The American Heritage Dictionary leaves no wiggle room for this far-right state-denier, citing first the “theory or doctrine that all forms of government are oppressive and undesirable and should be abolished”; next, referring broadly to “active resistance and terrorism against the state, as used by some anarchists”; and finally—like the terrible twos forever—“rejection of all coercive control and authority.” The cautious dictionary browser is advised to move along, go back to your home.

Still, the principles expressed are a useful starting point, if one cares to linger awhile. It doesn’t have to be all or nothing. That said, let’s come to the heart of the matter: the Sovereign Individual, who may volunteer whatever cooperation or association the anarchist society needs to function.

As a more positive definition, the “libertarian” label comes to hand: “1) One who advocates maximizing individual rights and minimizing the role of the state; 2) One who believes in free will.”

With that last zinger the needle has zoomed right past moderate to extra diverse and all-inclusive: capitalists and communists, artists and dictators, lovers and killers, Christians and Satanists. So let’s retreat to the more meaningful focus: the contest between the King and I.

What does it mean to be “sovereign”?

The dictionary fairly includes here the democratic attributes (self-governing, and independent) as well as the usual, state-based brand. Important to both is the central, almost sacred role bestowed upon one (state or individual) who is sovereign: “paramount, supreme.” The term also implies “permanent”—like the claims of the eternal Church, the undying Reich, the UN Security Council, the Neoliberal “end of history.” And like, on the anti-state side, the perennial pushback from the Ron Pauls, the Alex Joneses, the Julian Assanges; the Dutch farmers and Canadian Truckers and New Zealand Maori.

In a notable essay Jeffrey Tucker makes the case for a sensible bifurcation of the loose tribe of rugged individualists into two camps of different characters, with opposing visions and styles in their defiance of socially sanctioned authority: “Against Libertarian Brutalism: Will libertarianism be brutalist or humanitarian?

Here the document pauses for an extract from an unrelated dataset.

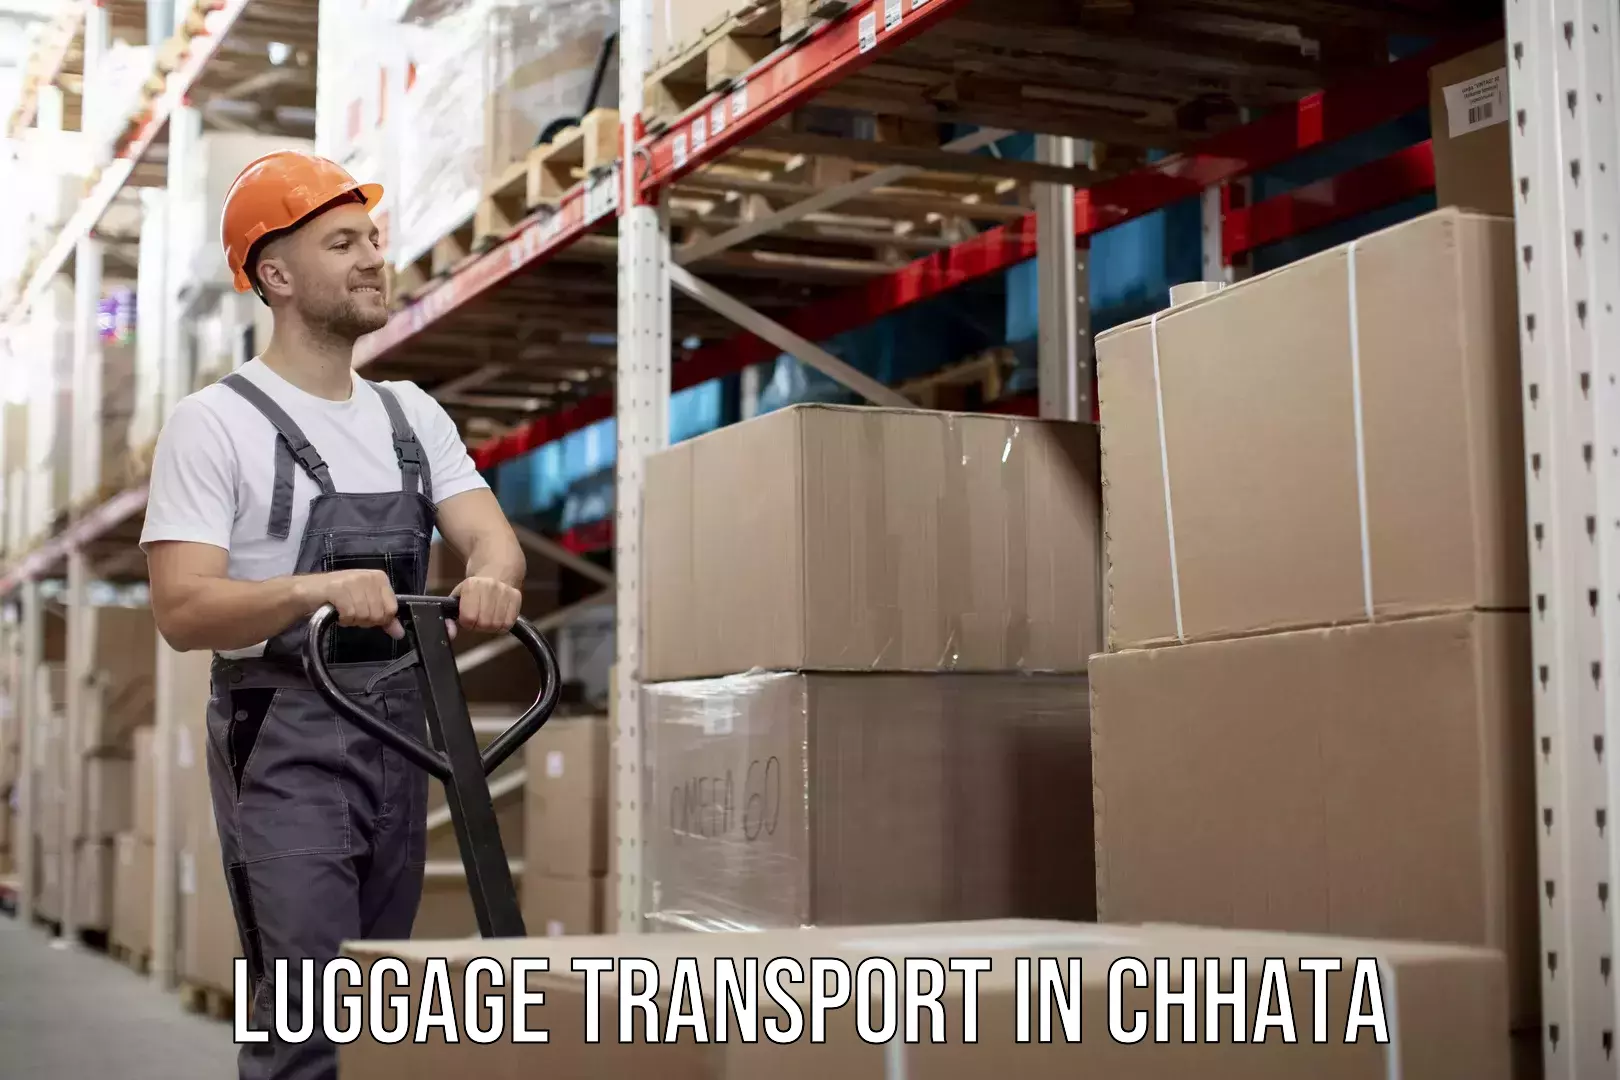 Luggage shipping discounts in Chhata

Everyone needs to decide.” Yes, even the capitalist and communist builders of concrete monstrosities (the brutalists) claim the right to exercise their free will; along with the more pastoral and peaceful wing, the humanists. So moral judgement, an assumption of humane majority norms, is brought to bear. Tucker rests on a premise of benevolence in “civil standards of values and etiquette,” instead of throwing the baby out with the bathwater under the stripped-down banner of boorish, intolerant and abusive “liberty.”

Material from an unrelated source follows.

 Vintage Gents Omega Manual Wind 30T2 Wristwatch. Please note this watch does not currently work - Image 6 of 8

Tucker’s article betrays in its subtitle a contradiction even in this most basic classification of libertarians (and here we will especially want to include anarchists): “Everyone needs to decide.”

Is that imperative any different (except in moral judgement) from Georgie Bush’s infamous, “Yer either with us or yer with the terr’ists”? It reminds me of the radical student manifestos of the 1960s, the lists of demands: “We must… The US must… The university must…” After such demands are met with silence, inaction, and downright repression, they tend to carry less weight as a tactical strategy. Maybe it’s because they are self-contradictory at the outset: challenging authority with the pretense of reverse authority.

Opting out of the political arena altogether (as far as one cares to take that road) is what I call the metapolitical alternative. The artist or mystic cannot far engage with doctrinal refinements, calls to group action, mission statements, or campaign strategies. Truer to principles of individual sovereignty, this breed of anarchist sniffs the odor of creeping systemization; of grassroots institutions growing authoritarian legs of their own; of growing legions of followers conjuring their own expectations of reputation, allegiance, compromise, monetization.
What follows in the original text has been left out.